Dr. X - April 28, 2012

My guess is that a Home Rule regime would have chuntered along until, say, 1968 or 1969 – when demonstrations and mass actions by those not allowed to stick their snouts in the trough would have started a cycle of general mayhem.

Like

WorldbyStorm - April 28, 2012

Interesting. Though the stresses of WWII might have brought it down. Do you mean one with partition? And do you think there would have been eventually unity if so betwen the two parts of the island under a single parliament?

Like

Dr. X - April 28, 2012

Hmmm. Stresses of World War II? Maybe. Or the lack of full sovereignty might have left the state more exposed to the effects of the depression. . . maybe we would have had a Rising of 1932, which was crushed with the killing of Collins and Devalera at Beal Na Blath, inspiring future generations of radicals.

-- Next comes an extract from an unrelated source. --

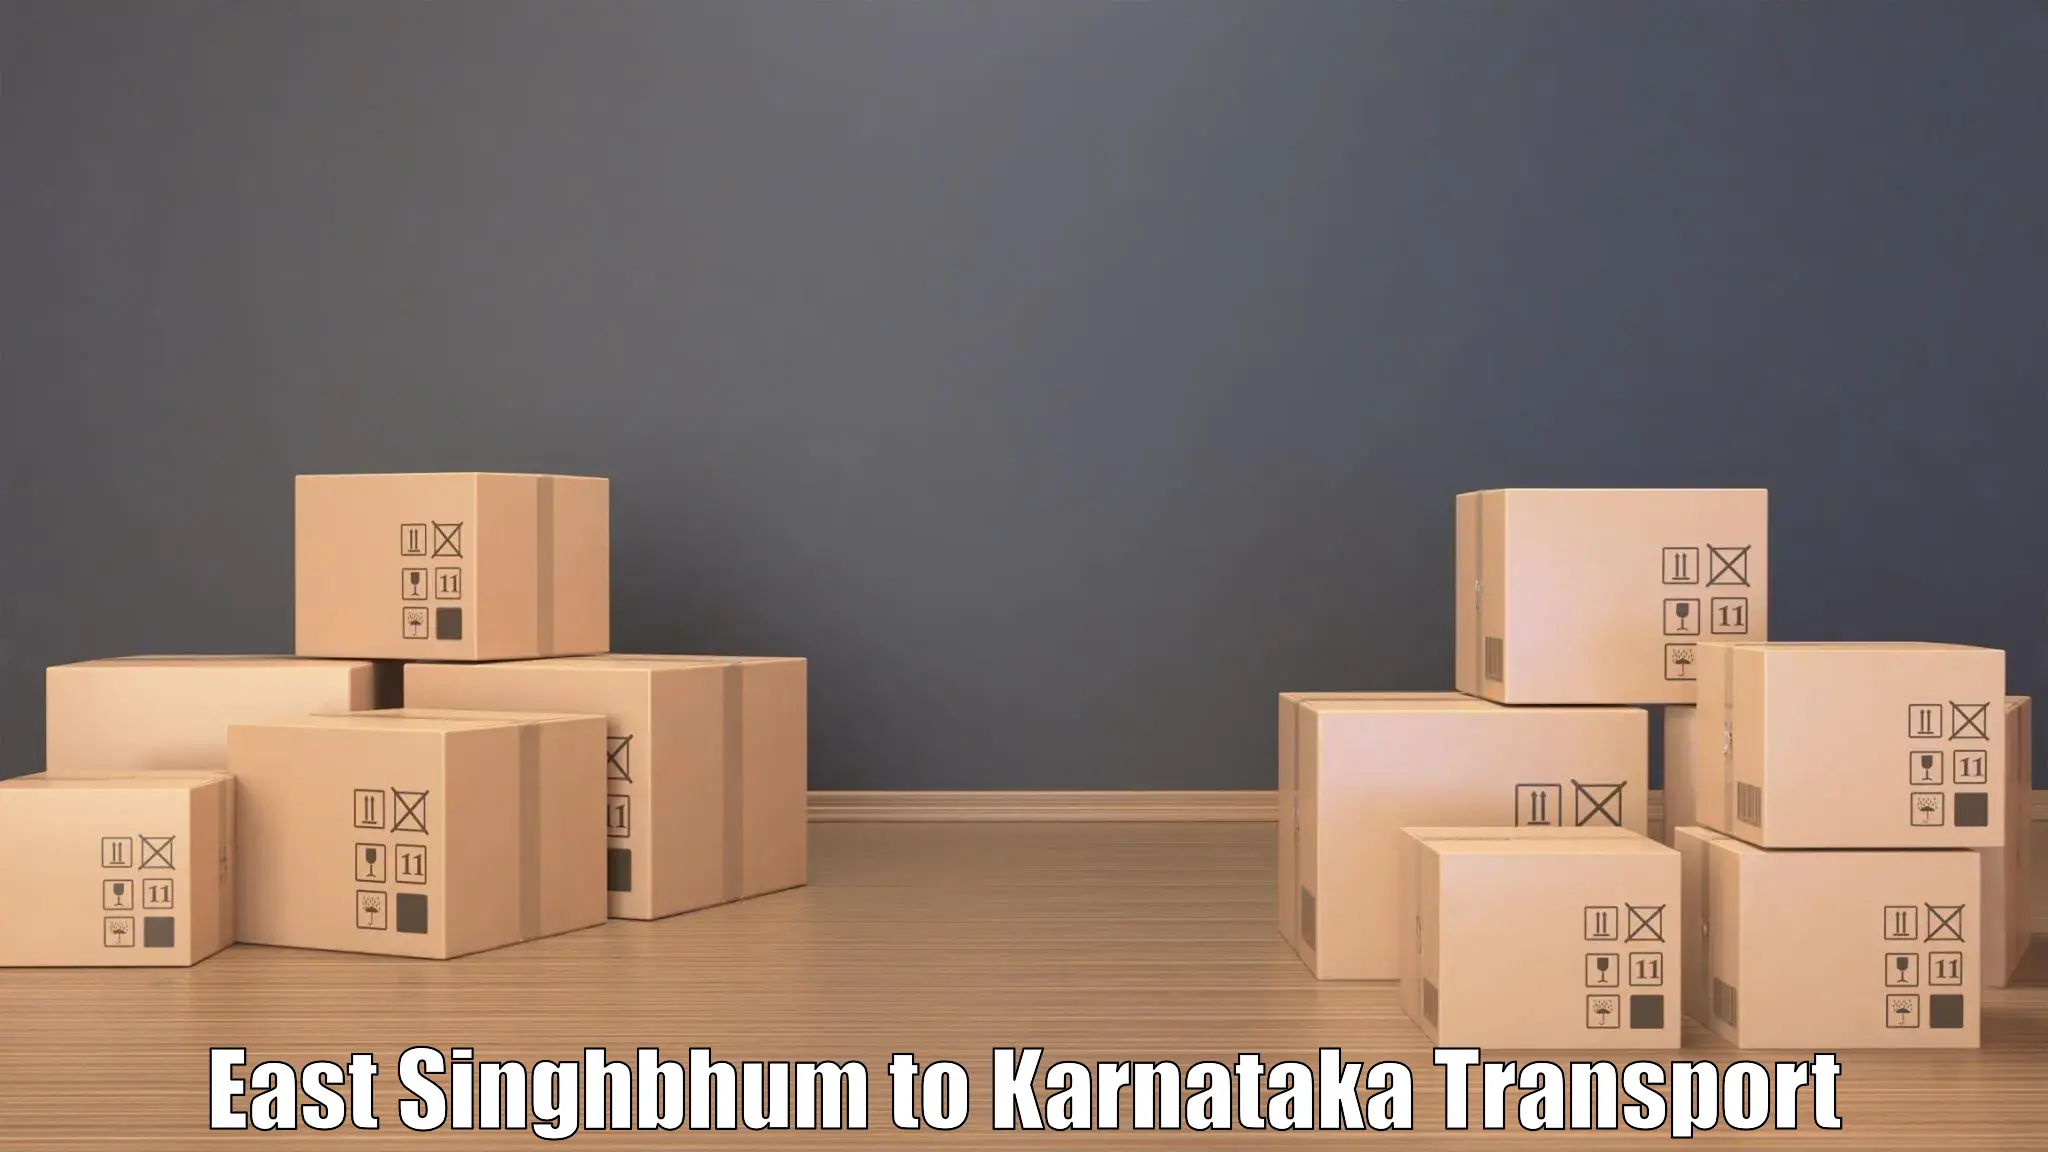 Package delivery services East Singhbhum to Tarikere

Has anyone ever done a comparison of Irish and Quebecois nationalism? I mean, there’s a lot of parallels – radicaliisalation via anti-conscription campaigns, an alliance between Church and Official Nationalism, and in the late ’60s (in our timeline, I mean) the emergence of a violent revolutionary movement.

Like

WorldbyStorm - April 28, 2012

I’ve never heard of one, but it’s a great idea. Yep, it’s interesting to consider how it all would have worked. The thing is that almost inevitably advanced nationalists would have developed, even in the absence of 1916 and they would have put pressure on a HR parliament from within. Could that have been contained? And I’d wonder would partition have been a running sore throughout? I always think the Collin’s of the world underestimate how HR might have been seen as the most realisable option available at a given moment, but not the overall best possible option ie. independence would still have been the long term or even medium term goal even at the height of HR but people were willing to accomodate to it to achieve a measure of success (something perhaps echoed six or so years later with the Treaty). Perhaps I’m overstating things.

Like

6. shea - April 28, 2012

as well as down playing the 1916 rising we could also trow the curragh mutiny in to it. that would be an interesting what if the papers of record don’t discuss.

Like

7. Brian Hanley - April 28, 2012

Just in from my monthly meeting at the lodge of approved historians! (I’m sure the Peter Hart discussion will arise again so I’ll leave it for the minute.)
I think it’s a mistake to see the Home Rule party through the prism of Redmond’s policies in 1914 and especially through Stephen Collins and John Bruton’s tunnel vision. At local level the party contained wings with links to labour, land agitation and particularly an affinity with the Fenian era. (Michael Davitt was a Home Rule MP remember). There were also marked regional differences in how the Home Rulers operated. That’s not the whole story of course but most nationalists I would suggest, did not see Home Rule as accepting limited self-government within the empire. For a lot of them it meant the ‘undoing of the conquest’ and all that went with it: which of course meant different things to different people.
Two really good books, unfortunately expensive:
Fergal McCluskey, ‘Fenians and Ribbonmen’ about nationalist politics in Tyrone.
Michael Wheatley, ‘Nationalism and the Irish Party’ about the Home Rule movement from Westmeath across to Sligo.
A good general survey of the various nationalist and republican currents prior to independence is Patrick Maume’s ‘The Long Gestation.’

Like

yourcousin - April 29, 2012

I just picked up McCluskey’s work for forty bucks on Amazon. Still pricey but much better than the jaw dropping cover price.

Like

8. Garibaldy - April 29, 2012

Eoghan Harris has a piece discussing a collection of essays dedicated to the memory of Peter Hart.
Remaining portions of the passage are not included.